I do not mean to minimize the importance of this task, for it is the aim of a good excavator to find every scrap, however uninteresting it may appear to be. Our men were very well trained, but when one is scooping up sand and rubble it is easy to overlook something. It was my task, therefore, to put the contents of the baskets brought me by the men through a sifter. It turned out to be a more interesting task than was often the case, since the previous excavator had been careless. I found quite a few interesting ostraca, scraps of limestone all scribbled over with hieratic. I puzzled over a few, while no one was looking, but could make out only a few signs. When we stopped for luncheon I handed them over to Ramses.
The ancient language was his specialty, as excavation was Emerson’s, and he reacted with as much enthusiasm as Emerson had done over his wretched huts. We got not a word out of him during luncheon. Nefret had to keep jogging his elbow to remind him to eat.
“What does it say?” I asked.
“Hmmm?” was the only response.
Nefret brushed a lock of curling hair away from his forehead, and he gave her an abstracted smile before returning his attention to the scrap he held. I understood why she had been moved to that tender gesture. Absorbed in a task that challenged and delighted him like no other, he looked as happy as a child over a new toy. This was what he was meant to do. This was what he ought to be doing for the rest of his life, undisturbed by crime and war.
Knowing Ramses as I did, I realized there was not much chance of that, and I consoled myself with the thought that it was not my fault that he got in so much trouble – not entirely. According to the latest psychological theories, he must enjoy a certain amount of danger, or he wouldn’t go out of his way to invite it. It made a change from hieratic, at any rate.
We put in a long hard day, removing Kuentz’s rubbish dump, and Emerson began the survey of the site. This was an onerous and time-consuming procedure, which some archaeologists neglected, but which Emerson considered absolutely necessary. If Kuentz had done such a survey, he had left no record of it. (Emerson would have done it again anyhow.)
Jumana was back to her normal self, cheerful, interested, and willing, and even Ramses admitted she was of considerable help. All she had to do, really, was hold a stick level while the measurements were made, but it was a rather tedious task and she followed orders meticulously.
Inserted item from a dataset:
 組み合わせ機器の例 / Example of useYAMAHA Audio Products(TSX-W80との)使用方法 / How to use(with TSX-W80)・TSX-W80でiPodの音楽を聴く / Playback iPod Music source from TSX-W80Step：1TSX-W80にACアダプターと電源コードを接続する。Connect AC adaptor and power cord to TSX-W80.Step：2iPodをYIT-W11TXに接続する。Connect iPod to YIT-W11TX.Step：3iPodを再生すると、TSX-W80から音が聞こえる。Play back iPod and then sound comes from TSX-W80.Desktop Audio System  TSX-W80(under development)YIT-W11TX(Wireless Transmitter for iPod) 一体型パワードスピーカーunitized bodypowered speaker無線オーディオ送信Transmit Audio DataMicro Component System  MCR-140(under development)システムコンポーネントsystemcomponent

Naturally I kept a close eye on her. There were two possible explanations for her recovered good spirits: either she was not as attached to her brother as I had believed, and had dismissed him from her thoughts – or she was more devious than I had believed, and expected to hear from him again.
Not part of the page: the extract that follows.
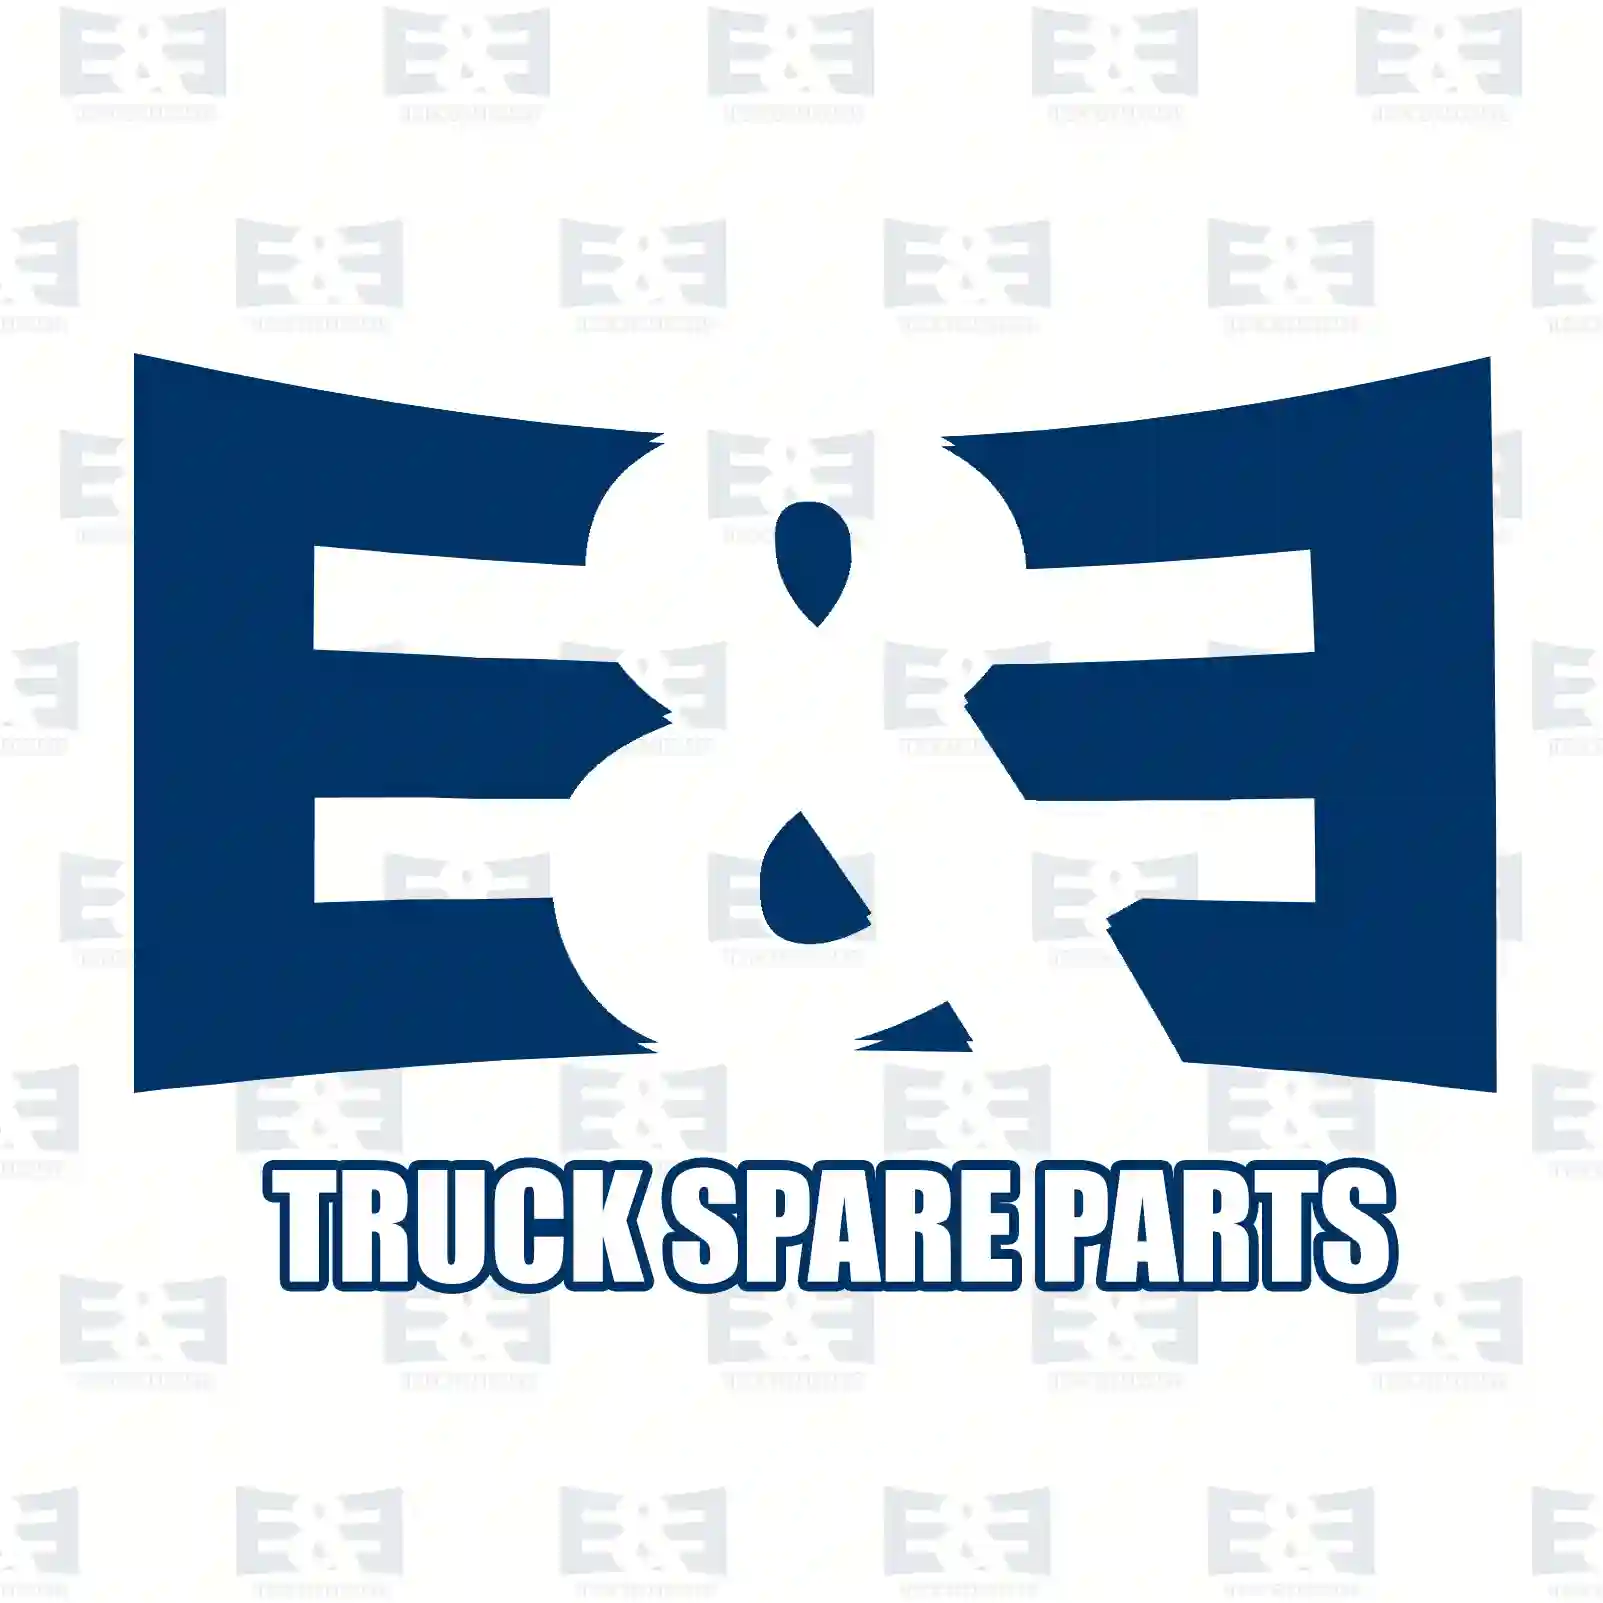 Guide sleeve, 2E2278759, 1668217 ||  2E2278759 E&E Truck Spare Parts | Truck Spare Parts, Auotomotive Spare Parts Guide sleeve, 2E2278759, 1668217 ||  2E2278759 E&E Truck Spare Parts | Truck Spare Parts, Auotomotive Spare Parts

When we returned home I had several more nice ostraca for Ramses.
FROM MANUSCRIPT H
The windows of their bedroom faced the stables, but that building was some distance away and they would not have heard the soft noises if they had not been awake. They had been late getting to bed, since Ramses had to be pried away from his “nice ostraca.” Once Nefret had got his attention she had no difficulty holding it, but it was he who heard the sounds, not she. Responding to the slow movements of his lips and hands, she was jarred out of her state of drowsy pleasure when he suddenly jumped up and went to the window.
“Hell and damnation,” she began.
“Sssh. It’s Jumana. She’s leading one of the horses.”
He started to climb out the window. “Put on some clothes,” Nefret said, rising in her turn and fumbling in the dark for various discarded garments.
“Well, then, damn it, find – I don’t care what – something. I can’t let her get too far ahead.”
He snatched the trousers from her hand and put them on, and then he was gone, over the sill and into the darkness. Nefret pulled a caftan over her head and found a pair of boots that turned out to be hers. She would need them; her feet were not as hardened as his. She caught him up as he was leading Risha, unsaddled and unbridled, out of the stable.
“Wait for me,” she gasped.
“No time.” He vaulted onto Risha’s back, and in spite of her excitement and worry, the sheer beauty of the movement stopped her breath. She could do it sometimes, but never like that, never in a single seemingly effortless flow of muscle and sinew. He turned Risha with a touch of his knee and the stallion responded instantly, breaking into a canter. They looked like figures from the Parthenon frieze, the slender strength of the rider at one with his mount.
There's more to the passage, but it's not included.